A California company that produces Crystal Geyser bottled water was sentenced Wednesday to three years’ probation and ordered to pay a $5 million fine for illegally storing and transporting hazardous waste from its Sierra Nevada facility, federal prosecutors said.
CG Roxane LLC pleaded guilty earlier this year to mishandling arsenic filtered out of its spring water at a plant in Olancha, some of which ended up in Southern California sewers, the U.S. Attorney’s Office in Los Angeles said in a statement.
U.S. District Judge Dolly M. Gee also ordered the company to implement a program to better comply with environmental laws within three months.
Prosecutors say the company used sand filters to reduce the concentration of naturally occurring arsenic in the spring water to meet federal drinking water standards.
“To maintain the effectiveness of the sand filters, CG Roxane back-flushed the filters with a sodium hydroxide solution, which generated thousands of gallons of arsenic-contaminated wastewater,” the office said.
For about 15 years, CG Roxane dumped thousands of gallons of contaminated wastewater into a manmade body that became known as “the Arsenic Pond” along Highway 395 in Inyo County, investigators said.
Pond sampling by local water quality officials in 2013 found arsenic concentrations above the hazardous waste limit, as did subsequent sampling by state authorities and the company, prosecutors said.

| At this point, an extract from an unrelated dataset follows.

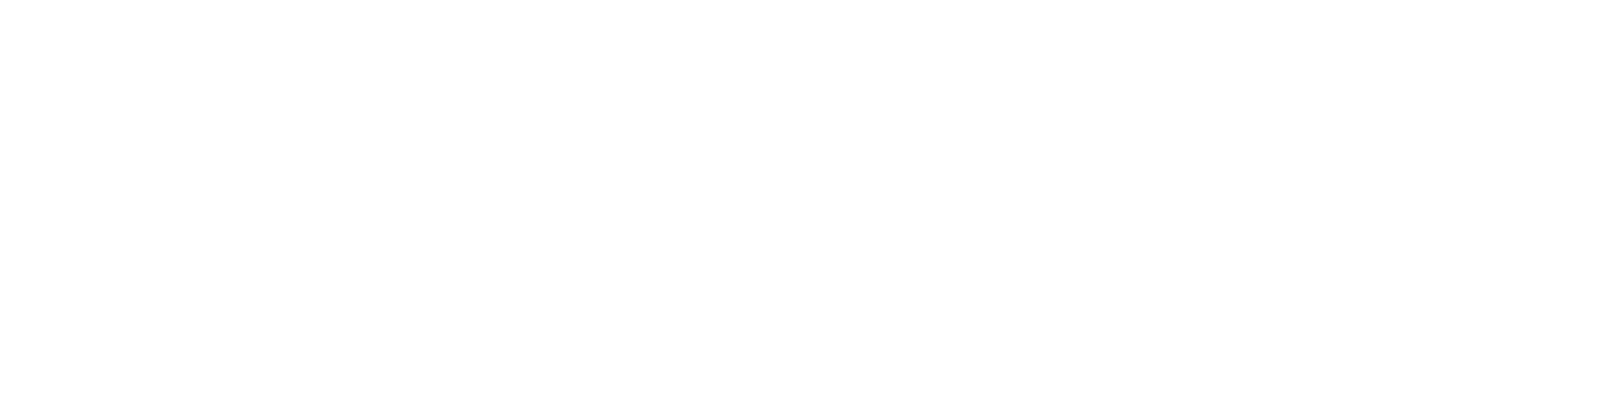 Upper Apk Logo

State officials instructed the company to remove the pond, but that was done by two hired companies without identifying the wastewater as hazardous material, resulting in 23,000 gallons being discharged into a Southern California sewer without proper treatment, prosecutors said.
The companies hired to transport and treat the wastewater — United Pumping Services and United Storm Water, both based in the City of Industry — each pleaded guilty June 10 to four counts of negligently causing a violation of a pretreatment program requirement.

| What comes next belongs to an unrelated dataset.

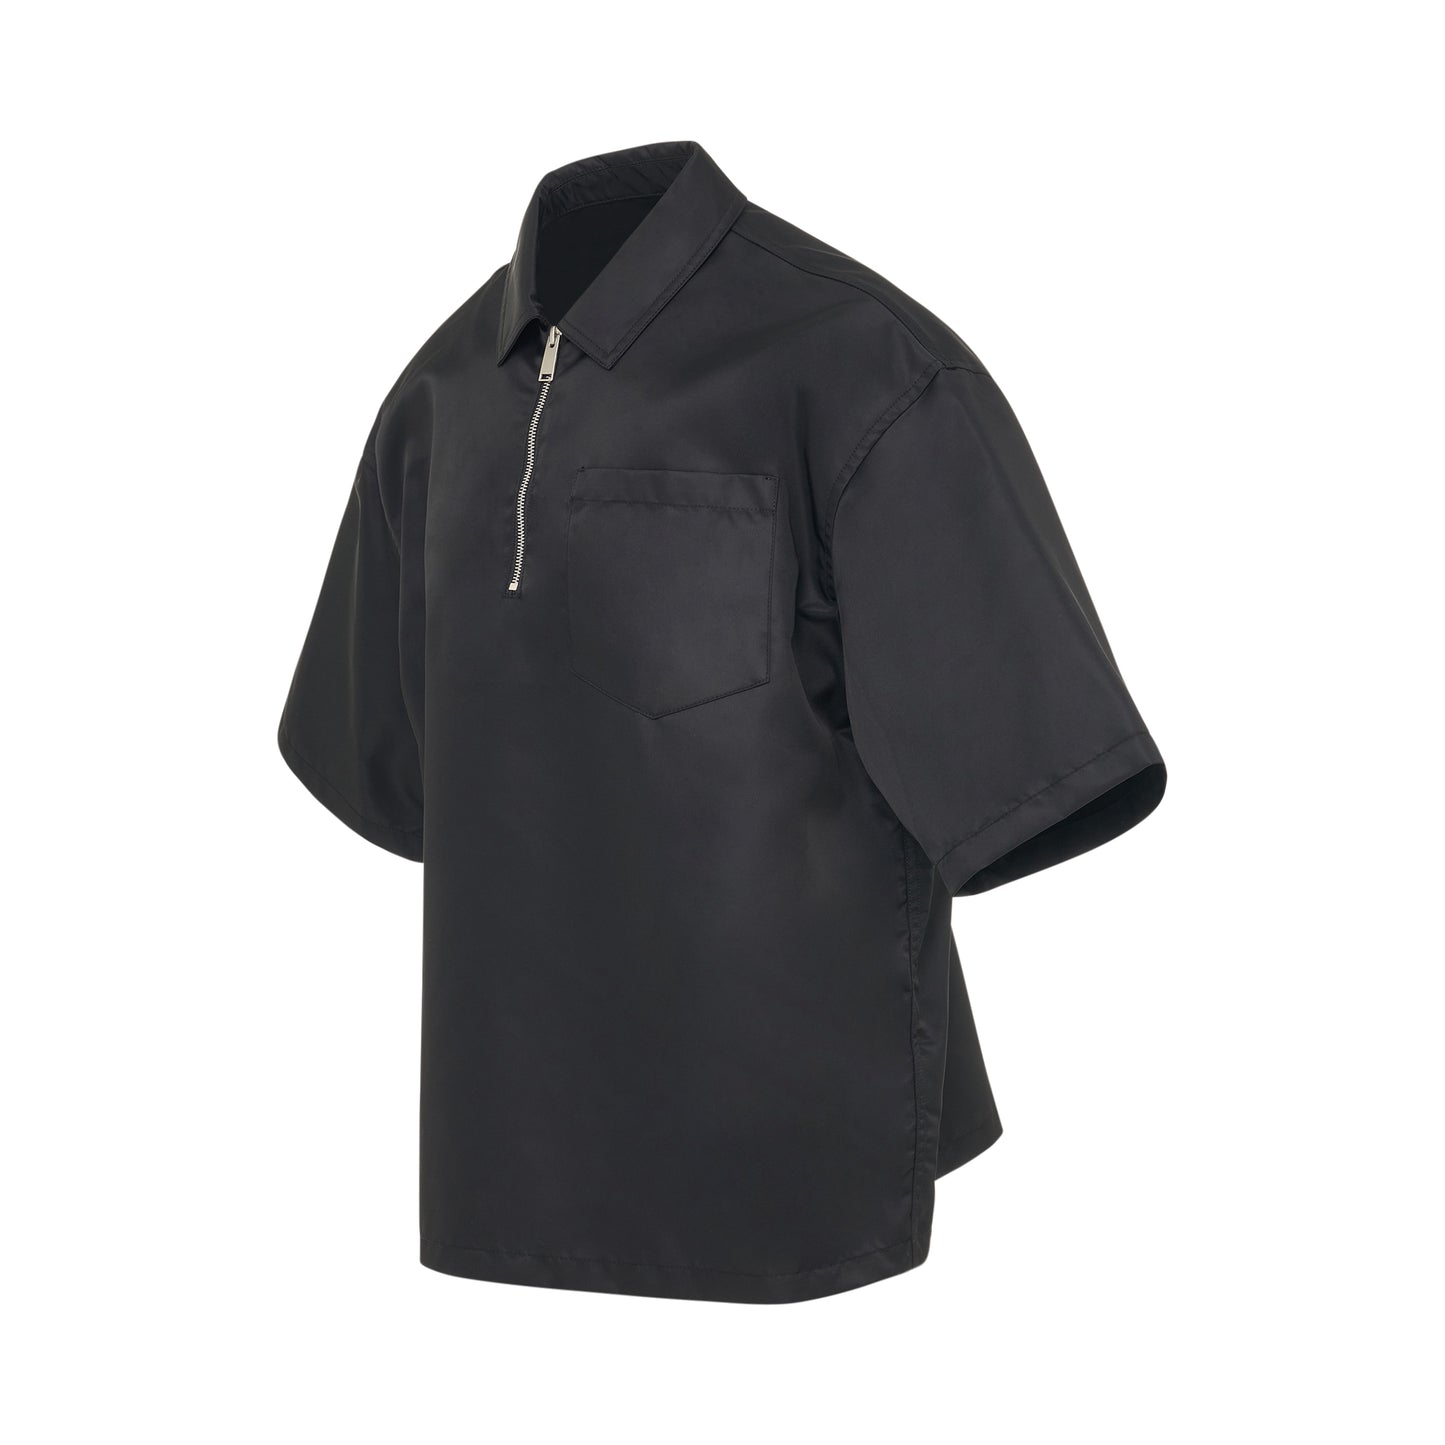 Ex-Ray Nylon Zip Short Sleeve Shirt in Black

On July 29, the Southern California firms were each ordered to pay a $375,000 fine.
CG Roxane admitted to one count of unlawful storage of hazardous waste and one count of unlawful transportation of hazardous material in January.
The U.S. Attorney’s Office statement noted that the investigation focused on handling, storage and transportation of CG Roxane’s wastewater, “not the safety or quality” of CG Roxane’s bottled water.